+++ INPUT DATA

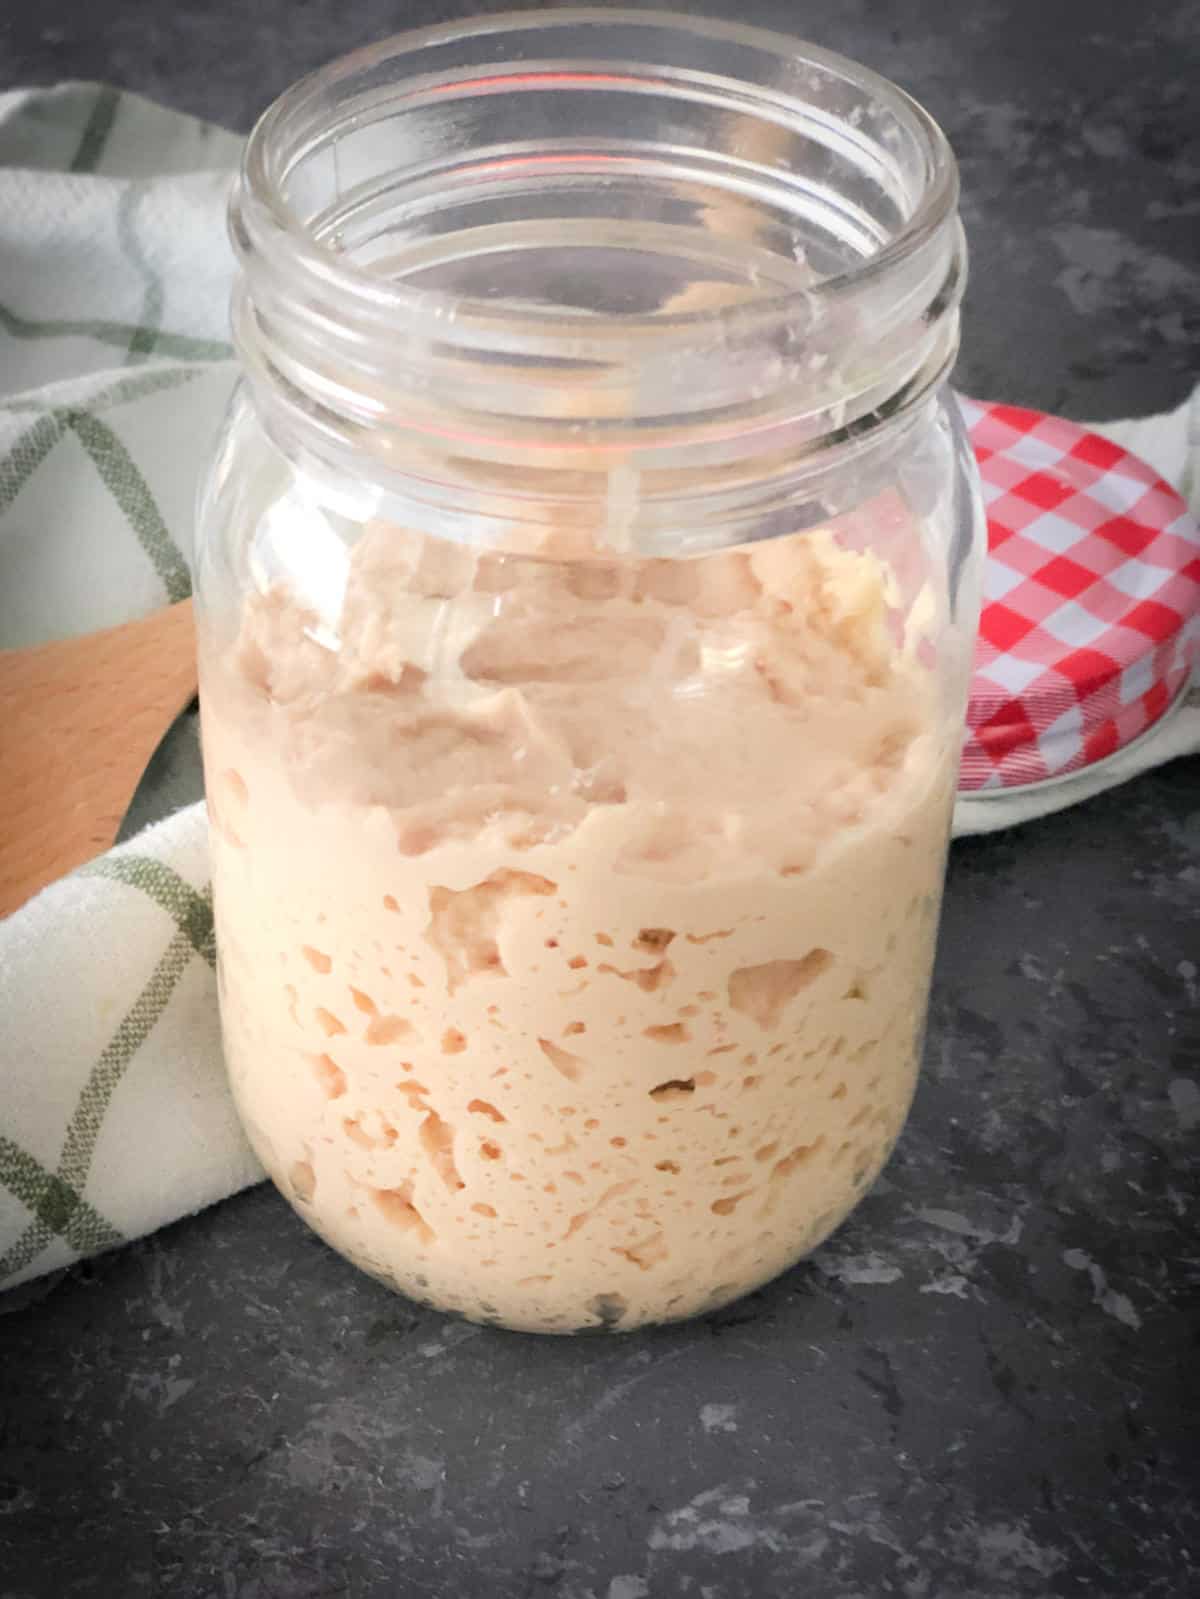 Sourdough starter made with atta placed in a jar.
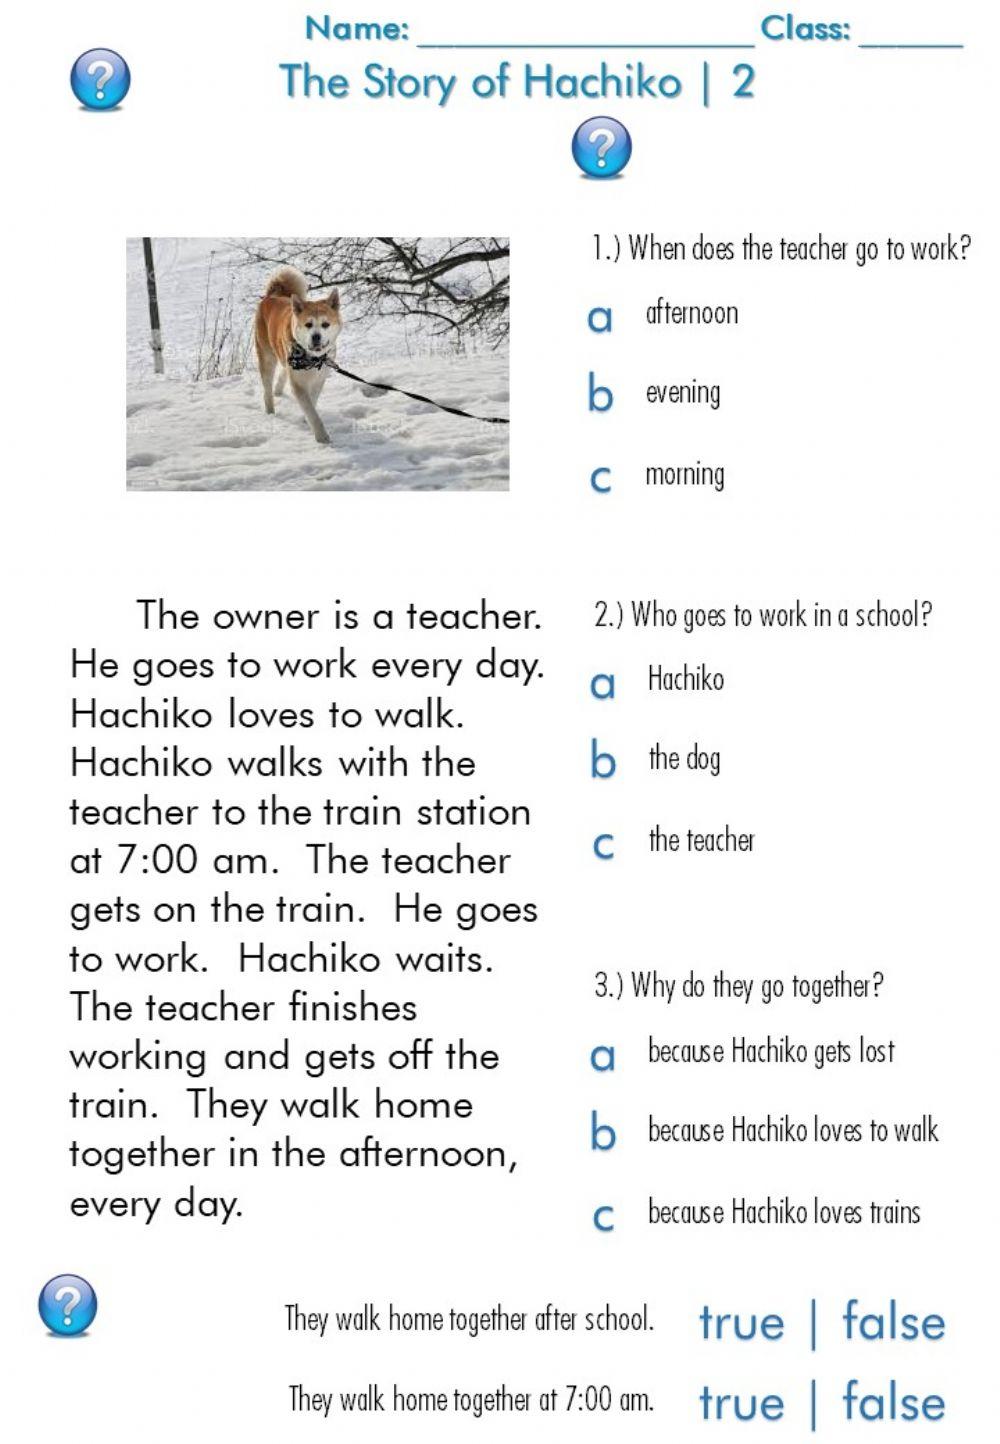 The Story of Hachiko 2
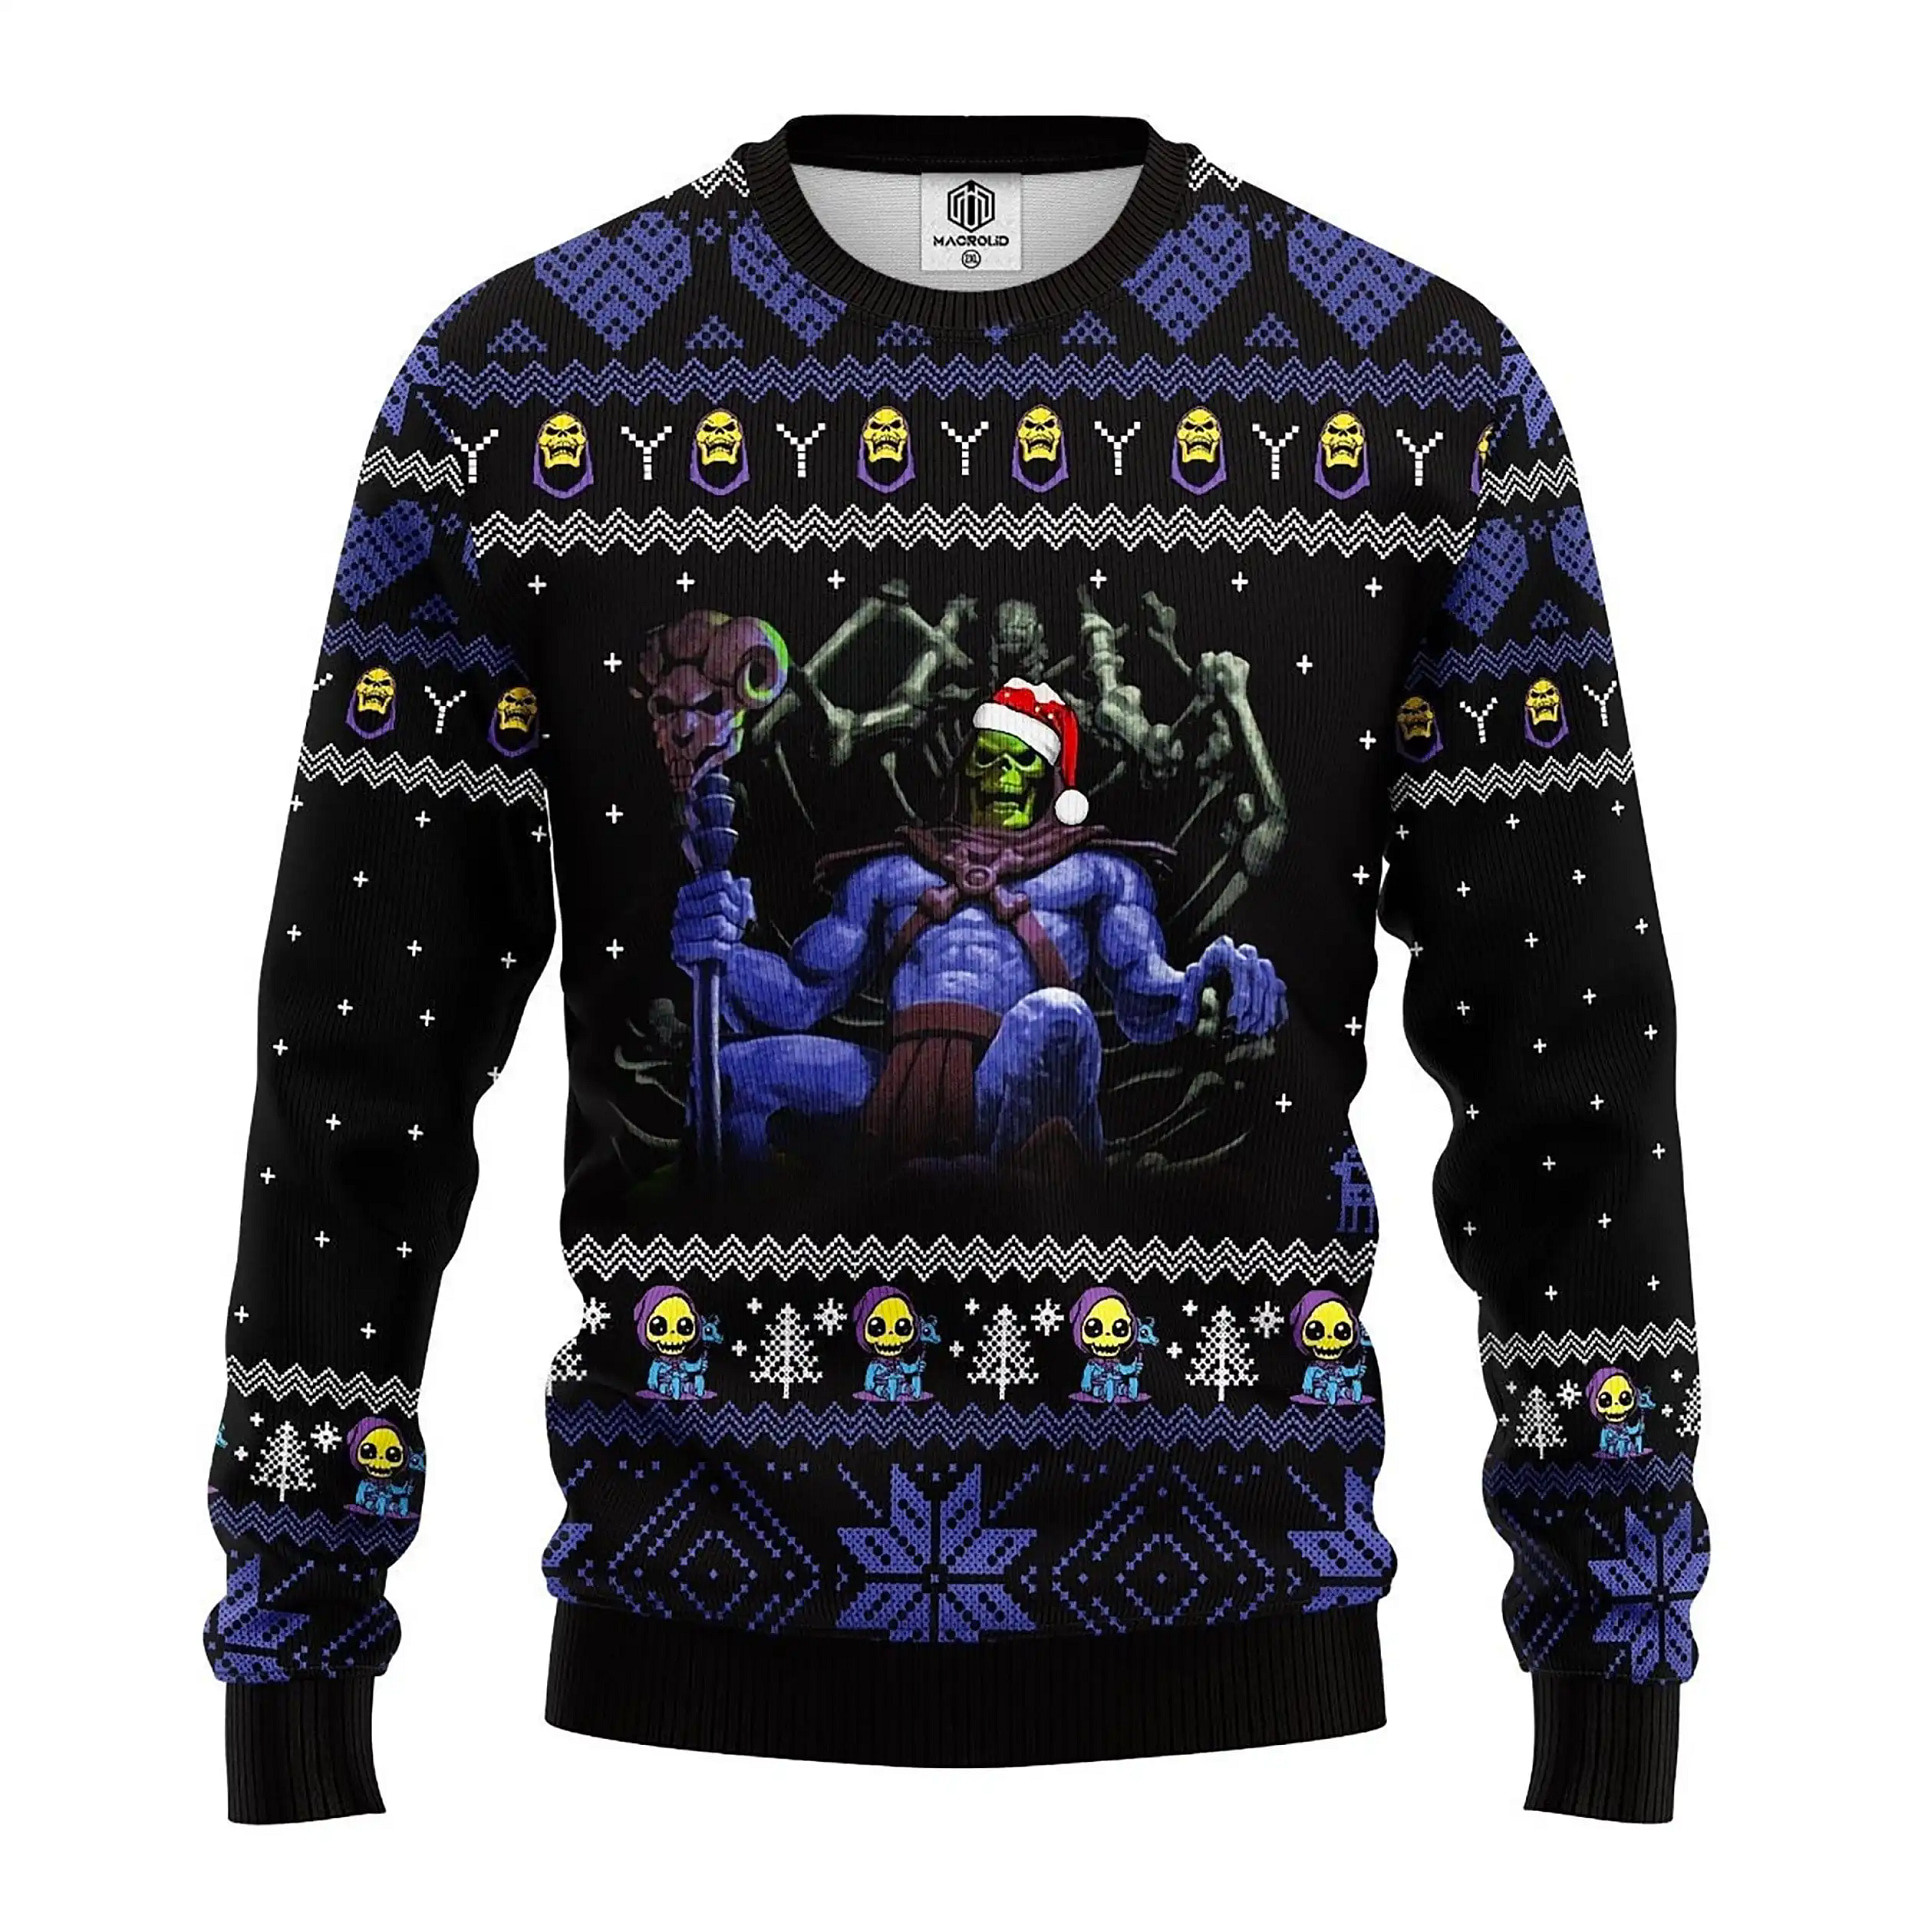 Skeletor Knitted Xmas Best Holiday Gifts Ugly Sweater

++++++

◆ TASK PROMPT: With the images omitted, return the full material exactly.

◆ SOLUTION TO THIS PROBLEM:
 Sourdough starter made with atta placed in a jar.
 The Story of Hachiko 2
 Skeletor Knitted Xmas Best Holiday Gifts Ugly Sweater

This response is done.